→ **Exercise requirements**
In the records below, reproduce exactly the lines from the one containing "Harlow Newborn Blog Collages 3.jpg" through the one containing "Pumpkin Png Image", both included, and omit the pictures.
-- Exercise material follows --
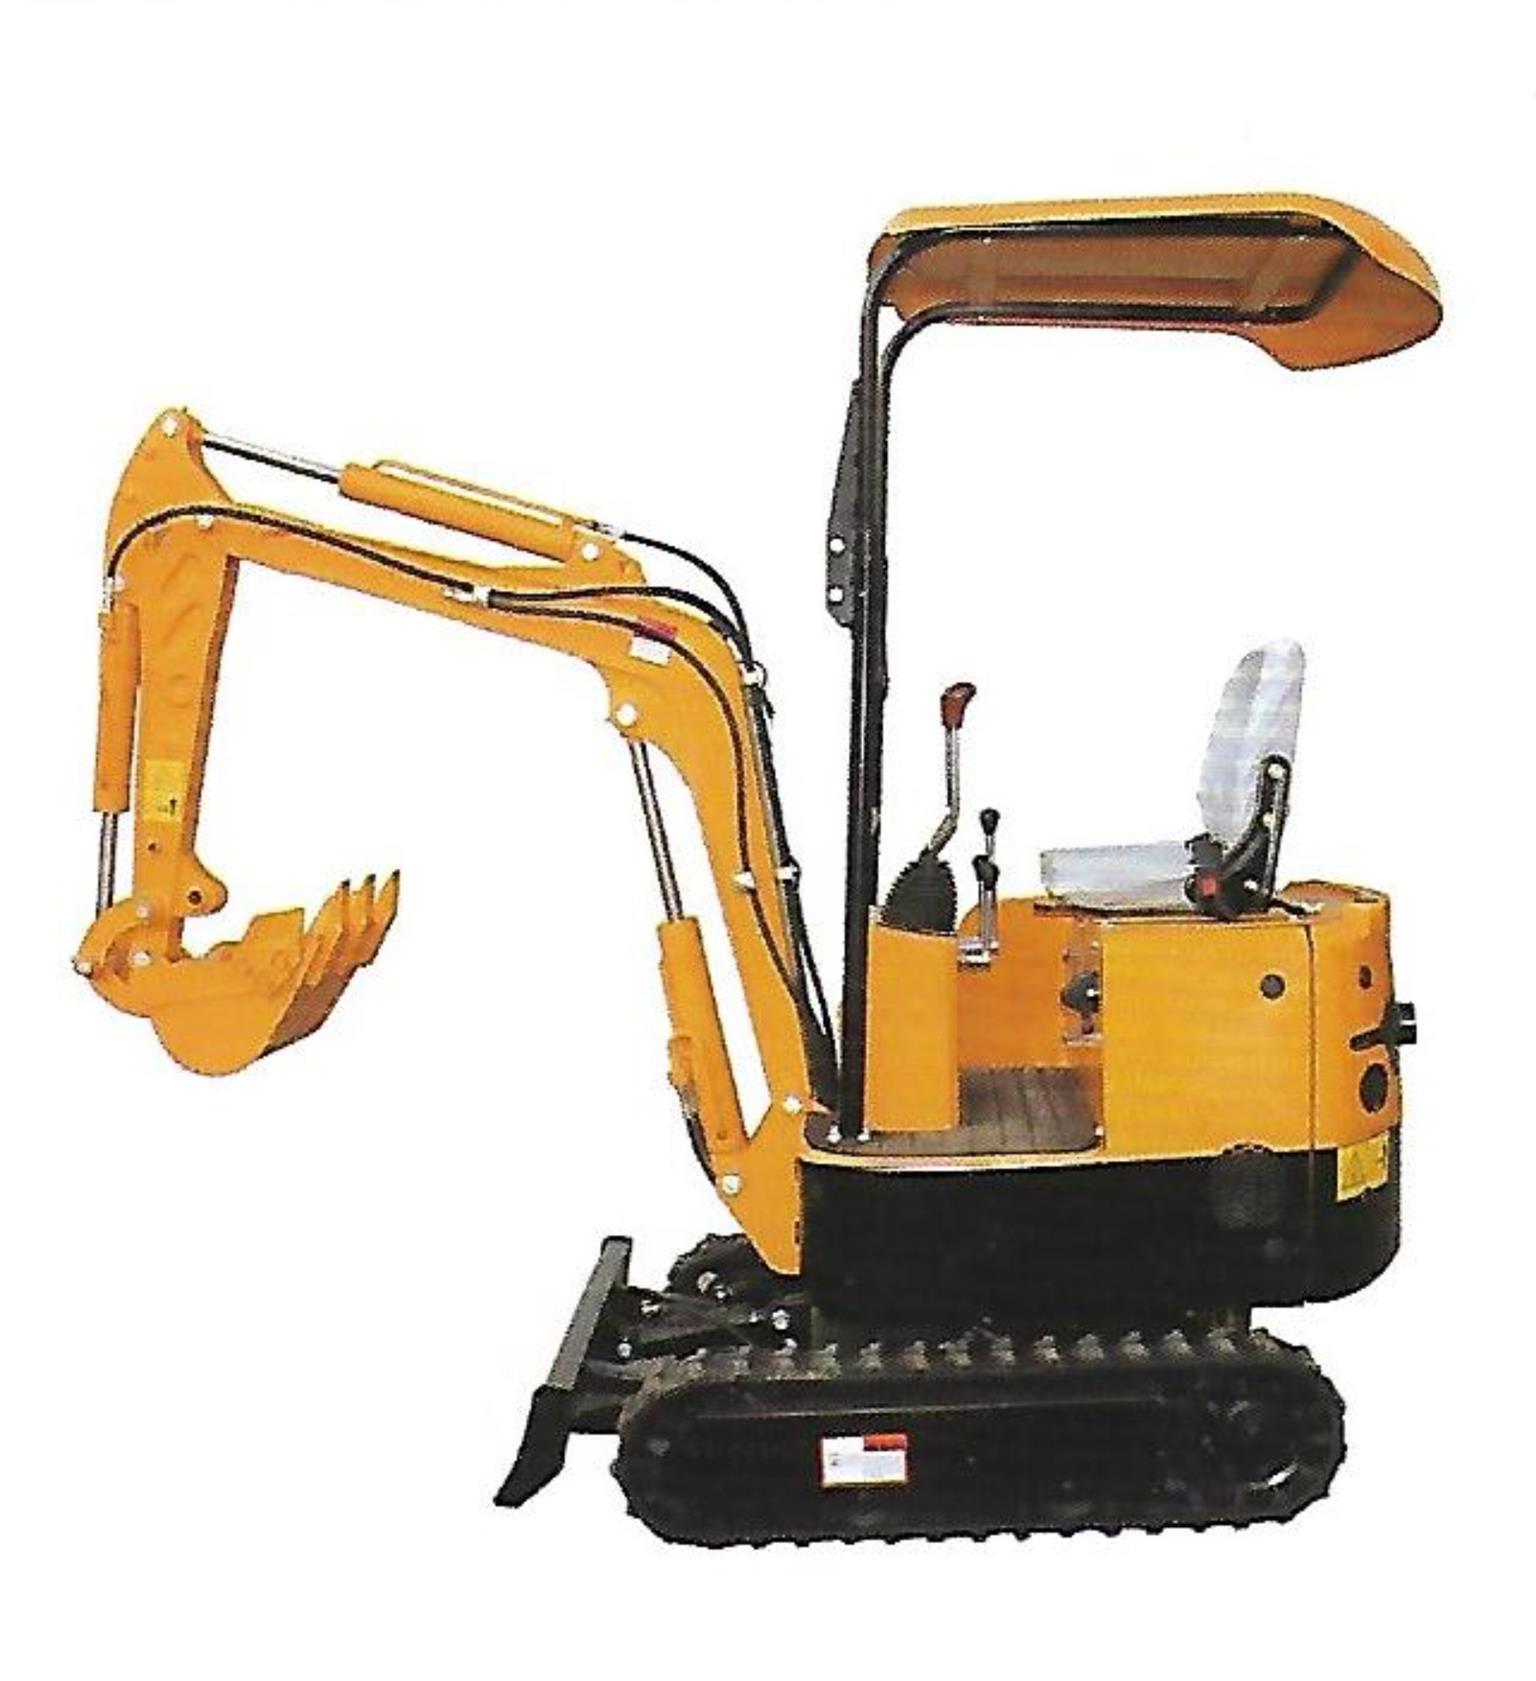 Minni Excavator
-- Exercise material concluded --
-- Exercise material follows --
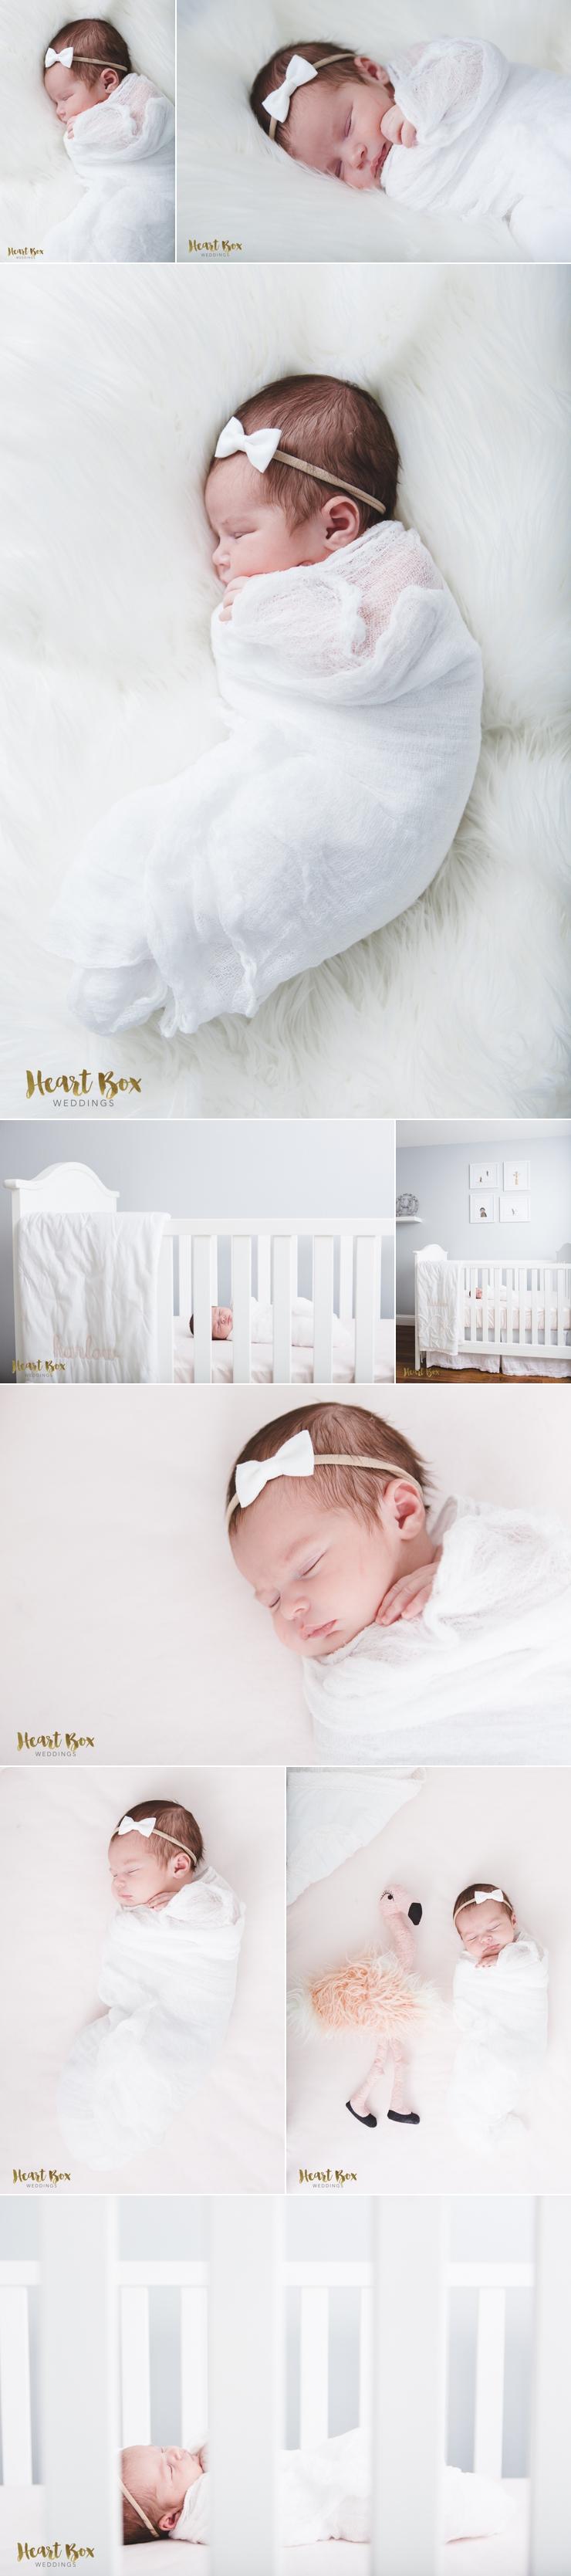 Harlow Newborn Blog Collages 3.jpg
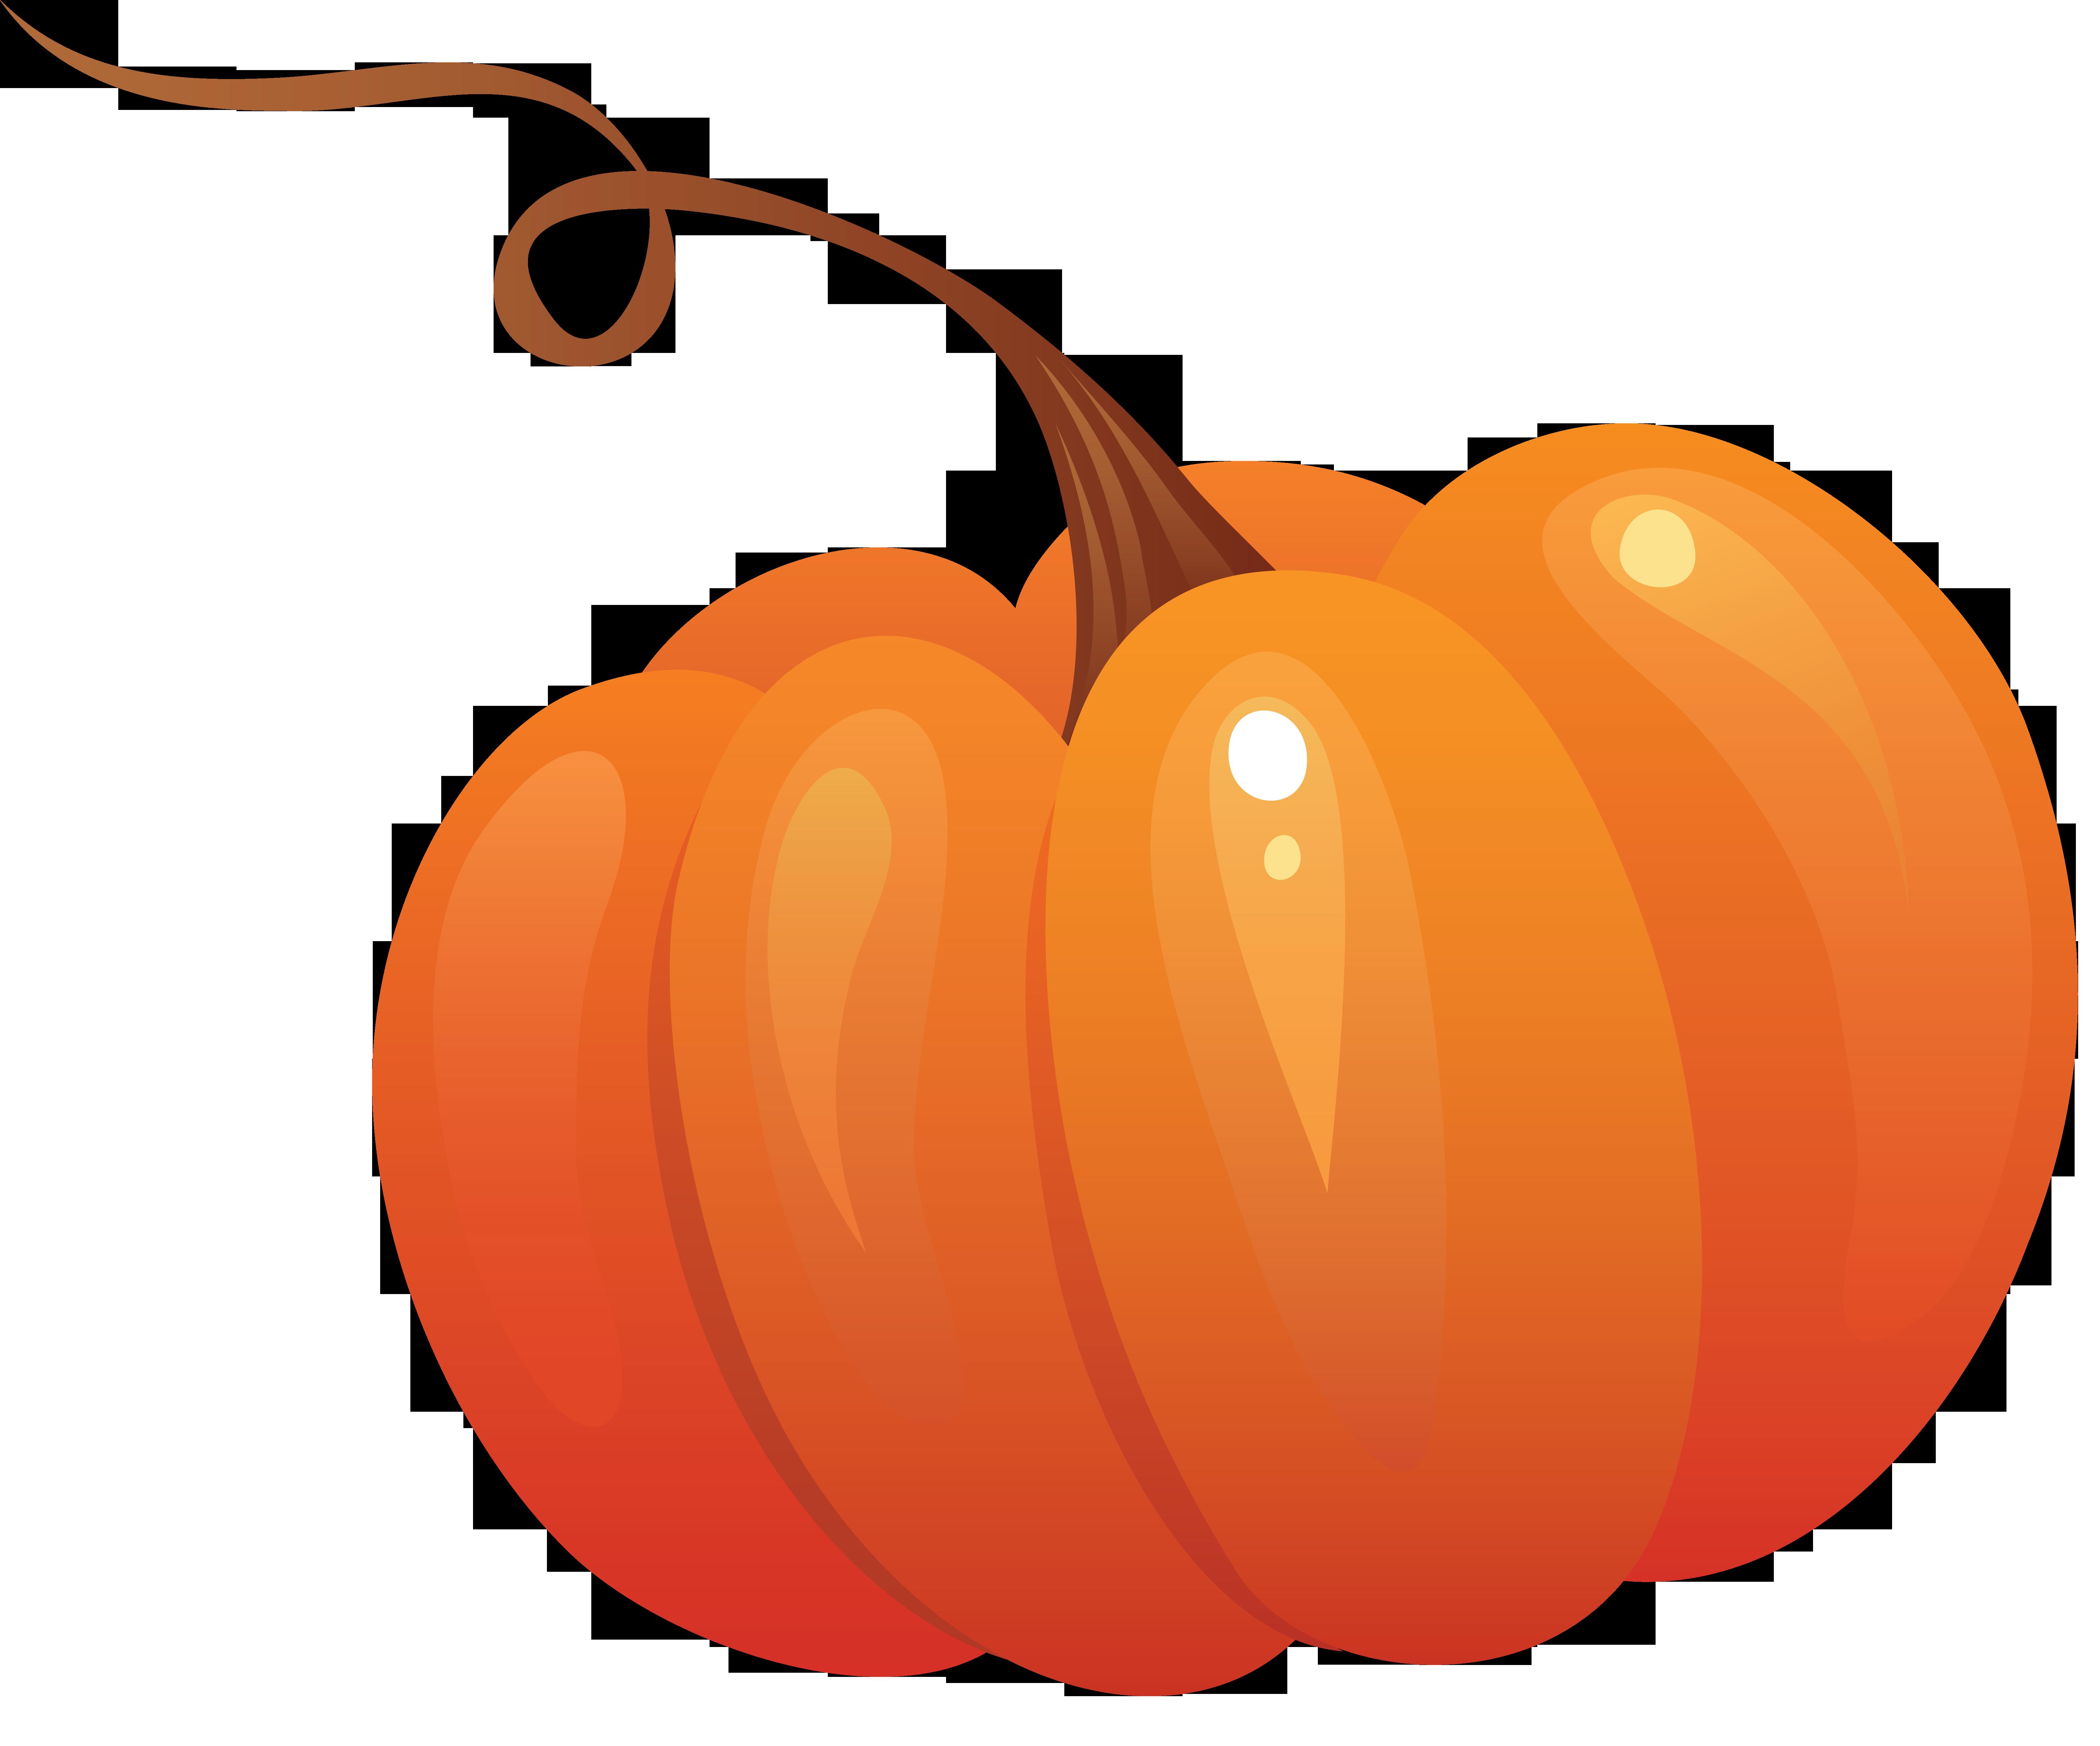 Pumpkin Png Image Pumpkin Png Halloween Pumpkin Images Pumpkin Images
-- Exercise material concluded --
→ **Solution**
 Harlow Newborn Blog Collages 3.jpg
 Pumpkin Png Image Pumpkin Png Halloween Pumpkin Images Pumpkin Images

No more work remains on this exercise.